Nous arrivons enfin au refuge. Première impression, il est beaucoup plus rustique que celui que nous avons passé. Une petite salle pour que les guides préparent la cuisine (pour l'eau, ils font fondre de la neige. Ils la font bouillir pas d'inquiétude.) et une « grande » salle pour dormir. Le couchage se résume à des matelas fins au sol, une planche de bois a été mise en hauteur avec d'autres matelas fins. Nous sommes 11 car Michau (un polonais) nous a rejoint aujourd'hui pour l'ascension (il ne fait pas l'entrainement) et il a aussi un guide avec lui. 6 en bas et 5 en haut donc, c'est déjà 1 de plus que la capacité du refuge ! Mais bon on se serre un peu et tout va bien.

Niveau santé maintenant. Tout le monde (sauf les guides) est nauséeux avec des maux de tête et à bout de force. L'altitude ne pardonne pas et les infusions de coca ne changent pas vraiment la donne. Les guides nous servent une soupe qui passe difficilement et Julien ne se sent pas de finir son plat de pâtes.
Les guides nous donnent le planning de demain.

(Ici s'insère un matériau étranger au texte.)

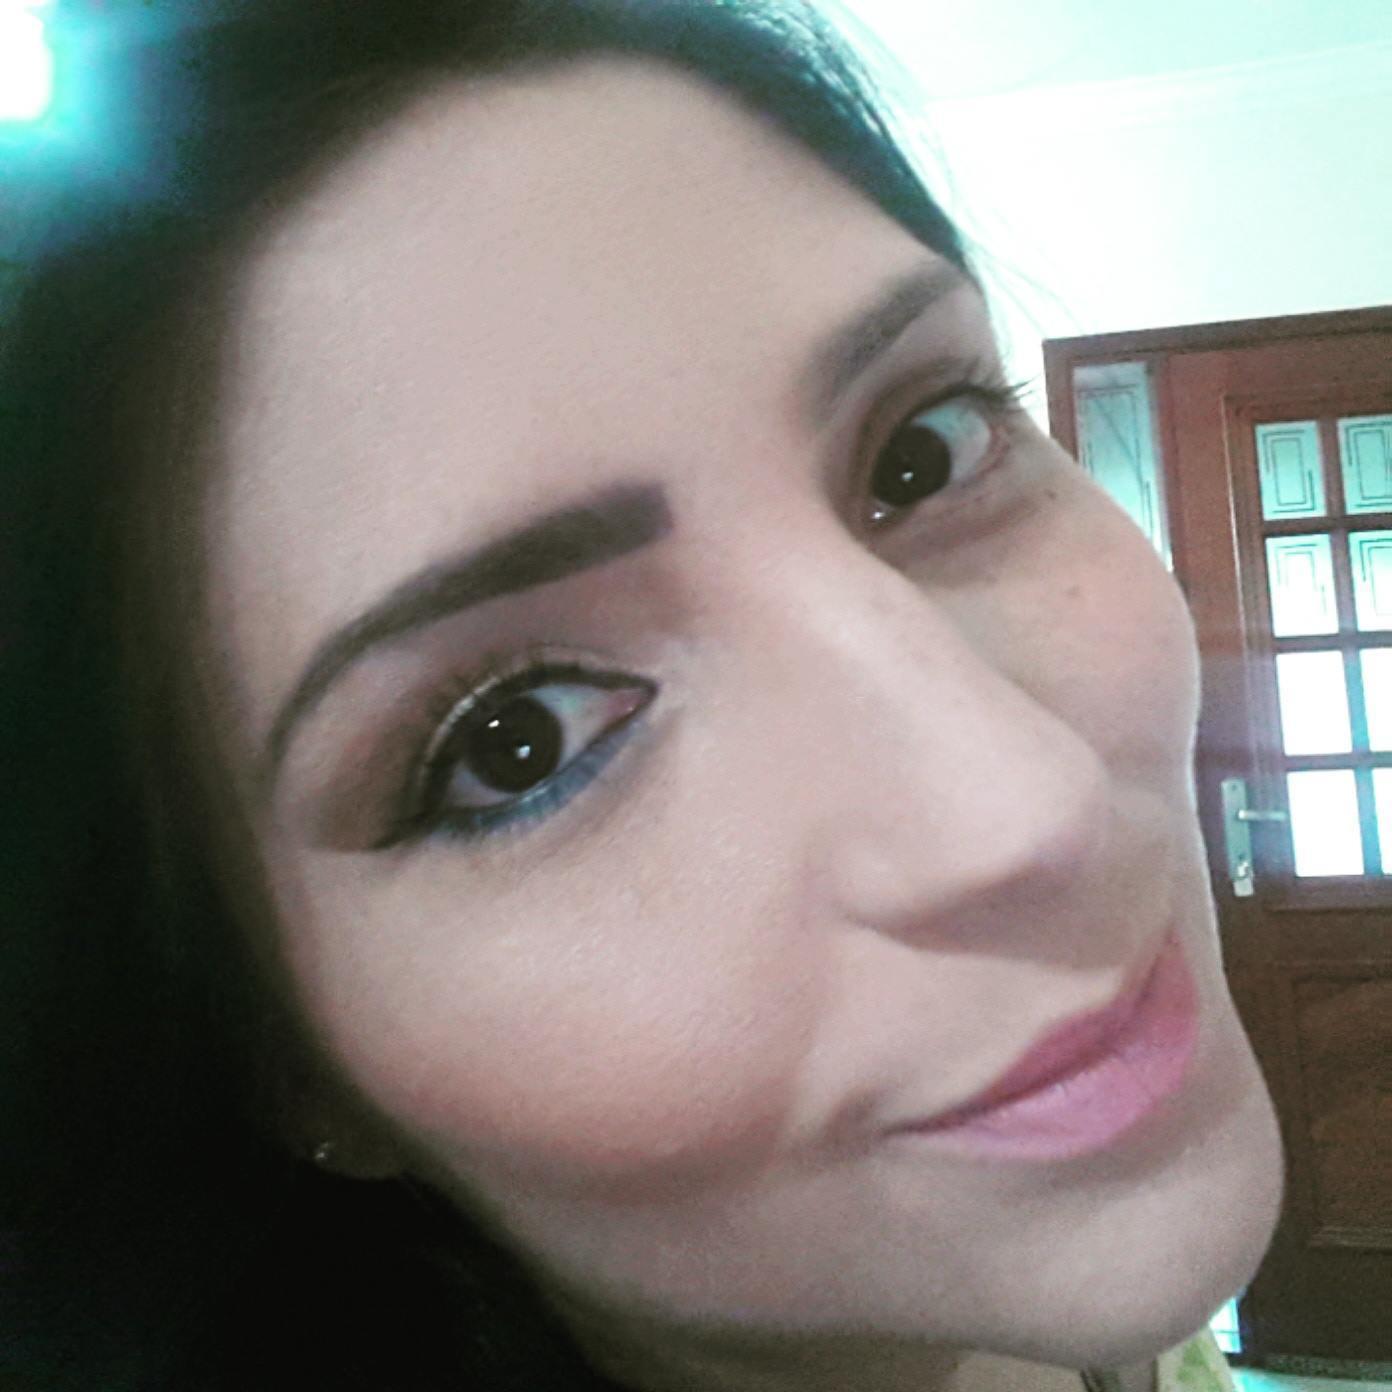 #Makeupbyfreitasmari #instamakeup #cosmedic #cosmedcs  #fashion #instagood #beautiful  #maquillaje #linda #festa #debutante #madrinha #social #noiva #balada #antesedepois  maquiador(a)

Lever minuit, petit déjeuner puis on s'équipe. Le départ pour le sommet est fixé à 1h00 pour plusieurs raisons: nous marchons dans la neige jusqu'à la fin et la nuit, il fait froid, donc la neige est plus dure et les crampons accrochent mieux. Ensuite, l'idée est d'être au sommet pour le lever du soleil, magique.
Nous nous couchons donc à 7h30. Tout le monde essaie de dormir mais c'est difficile car il fait froid (pas assez de couvertures pour tout le monde), le mal de crâne perdure et pour nous, un mal de ventre et des nausées. Les guides, par contre, ronflent allègrement !


Samedi 26 Novembre :

Minuit: lever. Aurore n'est vraiment pas bien et bien contente de ne pas monter, Abida est trop mal pour monter. Tous les autres se préparent.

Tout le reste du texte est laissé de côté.